Our tickets were for the World Audience Award for dramatic film. When the program director who introduced the film got up, she said that this was the first time she had ever seen an audience give a film a standing ovation. Between that and the fuss made about the outstanding music, I knew to be on my guard.
Sure enough, at the end of this sweet but not outstanding film, two of the folks in the row in front of us jumped to their feet during the applause. The Pirate leaned over and said "This is worse than San Francisco," referring to the tendency of San Francisco audiences to give a standing ovation to anything with a spotlight, including a drug deal on a well-lit streetcorner.

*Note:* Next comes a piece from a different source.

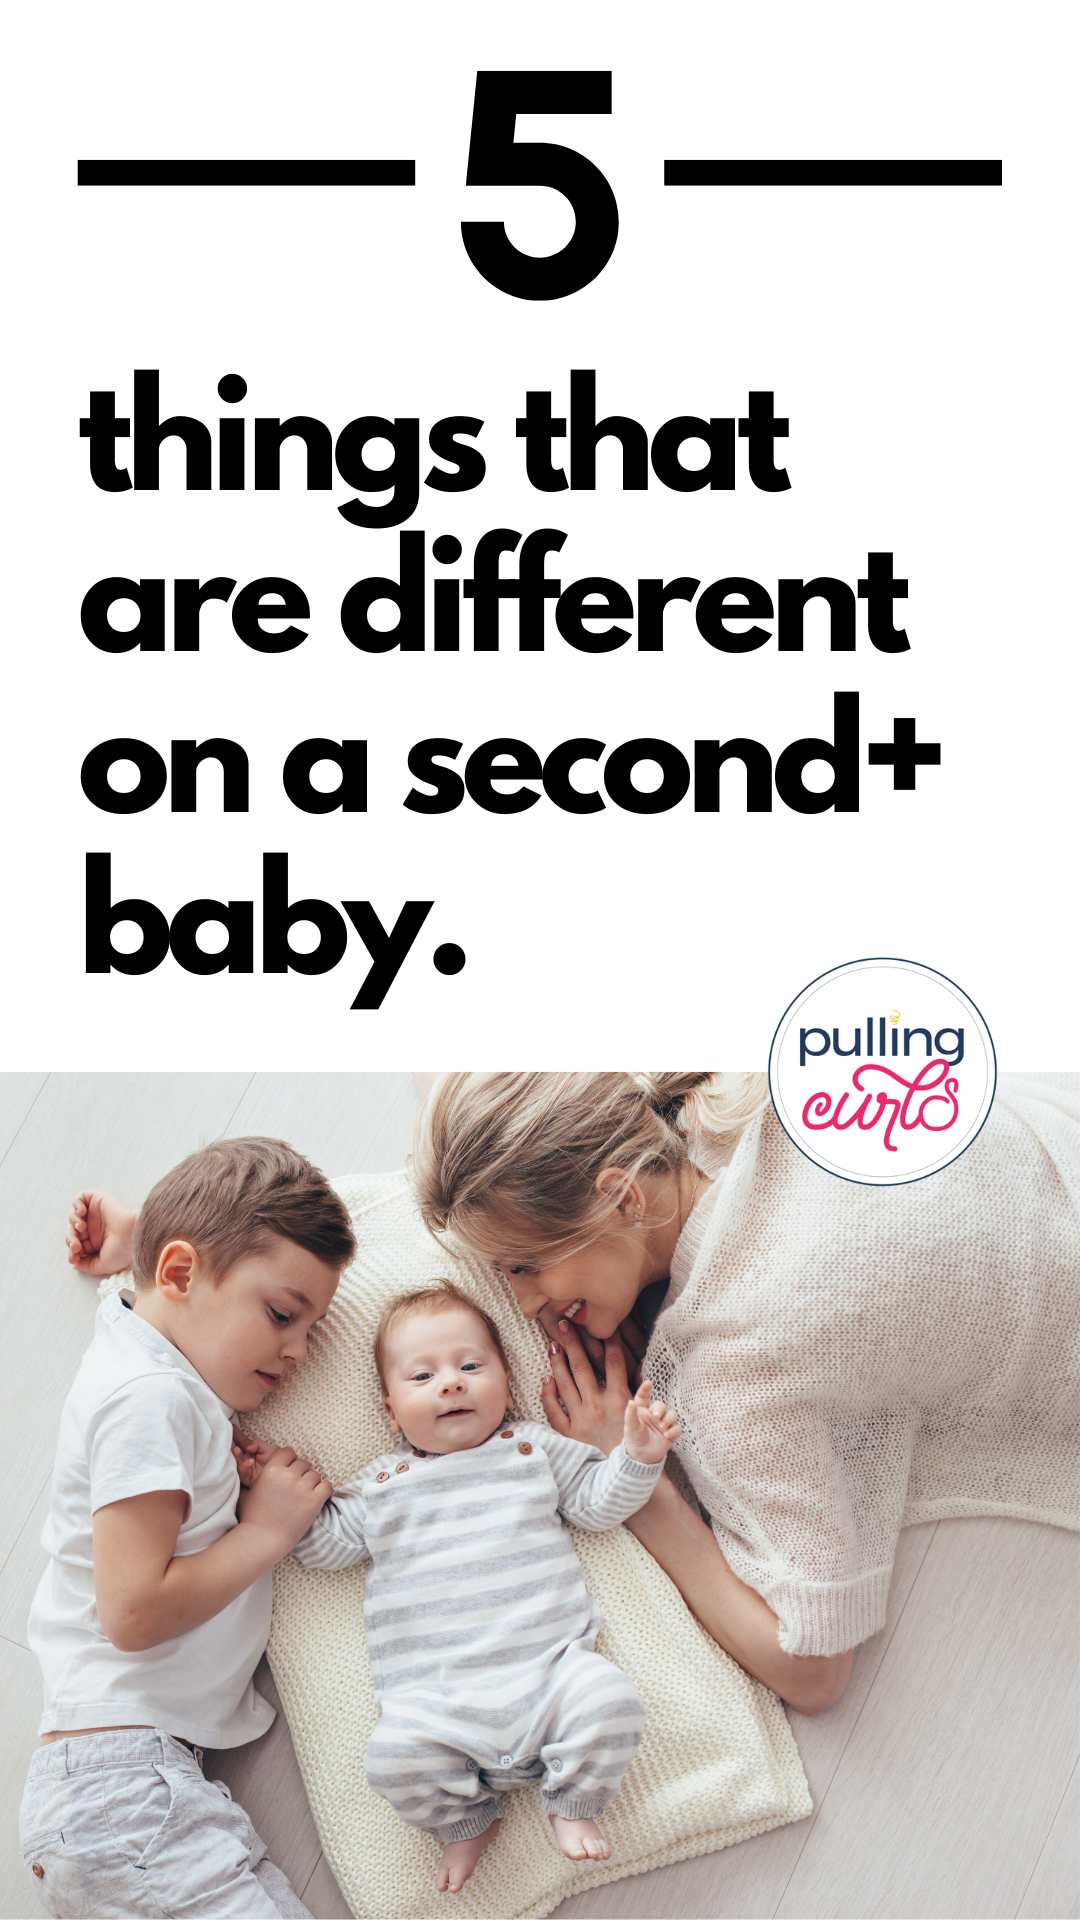 5 Things That Are Different on Your Second+ Baby via @pullingcurls
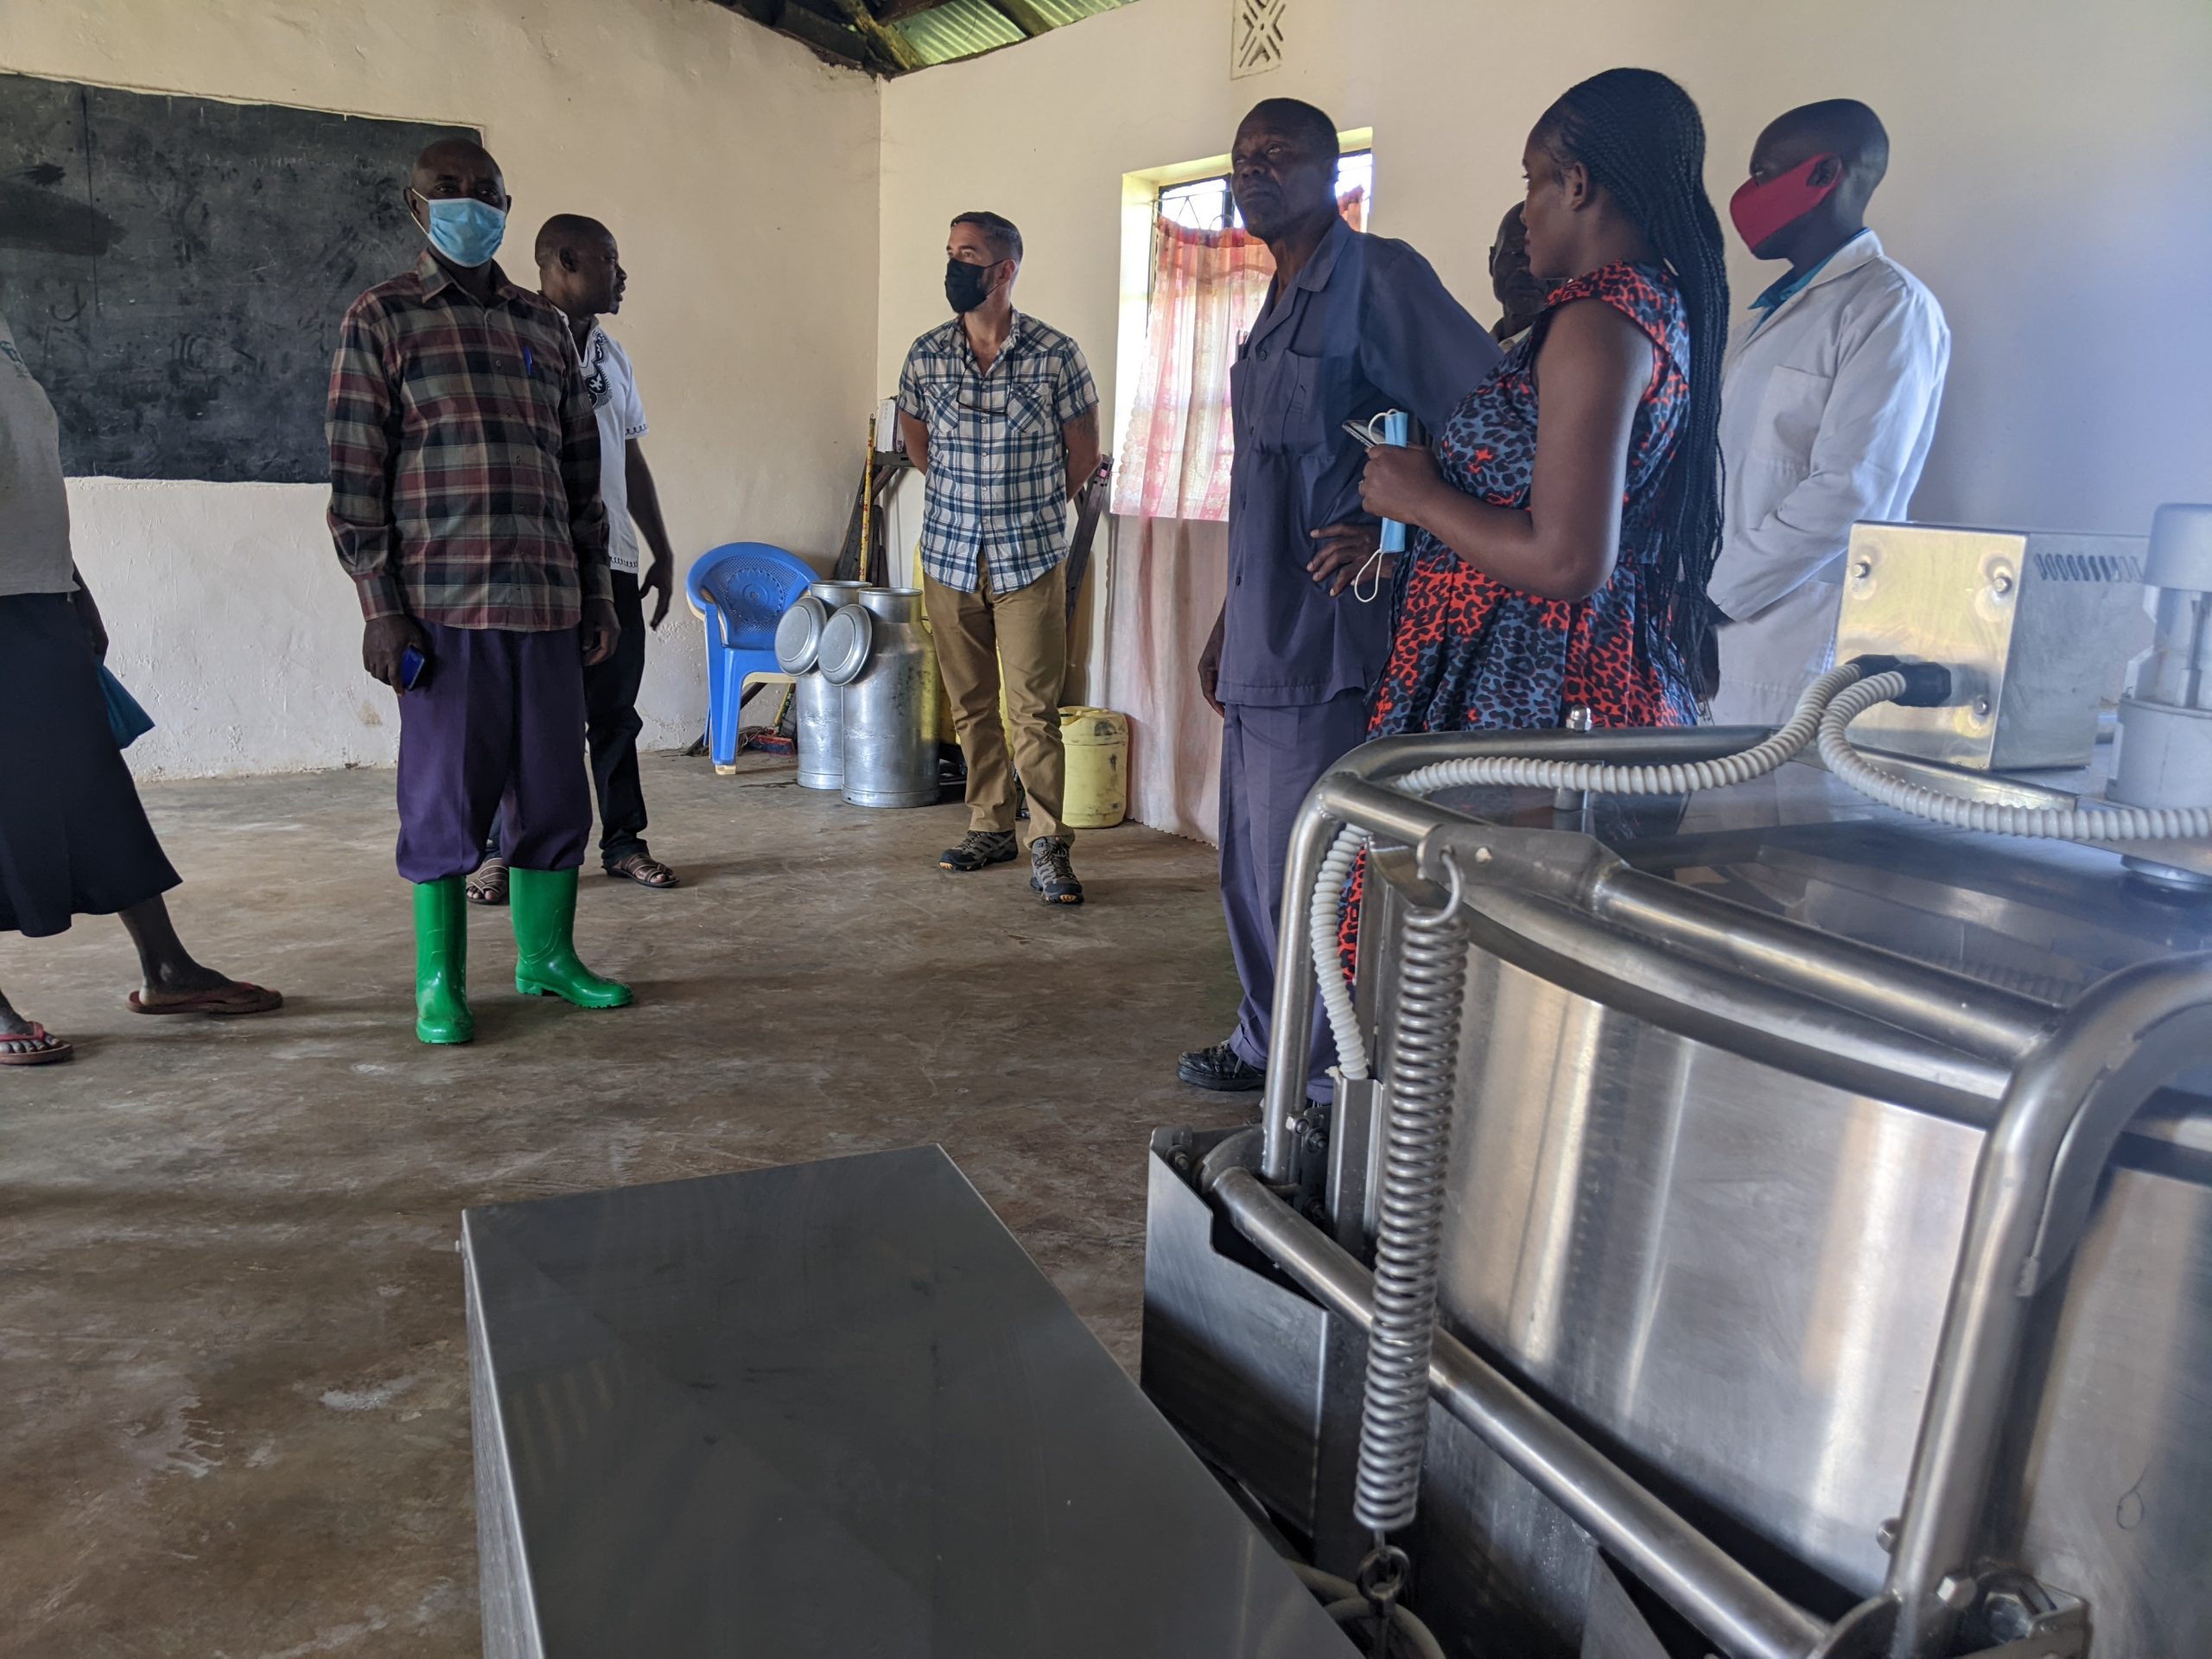 group of people in a milk cooler facility that is supporting farmer resilience to shocks, including climate-related shocks

Besides the non-love story (with which I was perfectly okay), the music wasn't really my thing. It was the same kind of whiny-boy music that just makes me want to scream. It would have been okay if there had been a lot of varied sound, but they played the same single song over and over. It was during that song that I realized that two days ago, as the Pirate and I were walking from one film to another, we walked by two street musicians. At the time, I was surprised at what a huge crowd two unremarkable street performers had gathered. Now I realize that it was them, staging a performance for...I don't know what. I thought the song sounded sweet, but it wasn't enough to make me want to stop and listen. And that kind of sums up how I felt about the movie, too.
The Pirate says: Predictable, whiny music, otherwise unremarkable. It wasn't some fantastic thing, but it wasn't really horrible.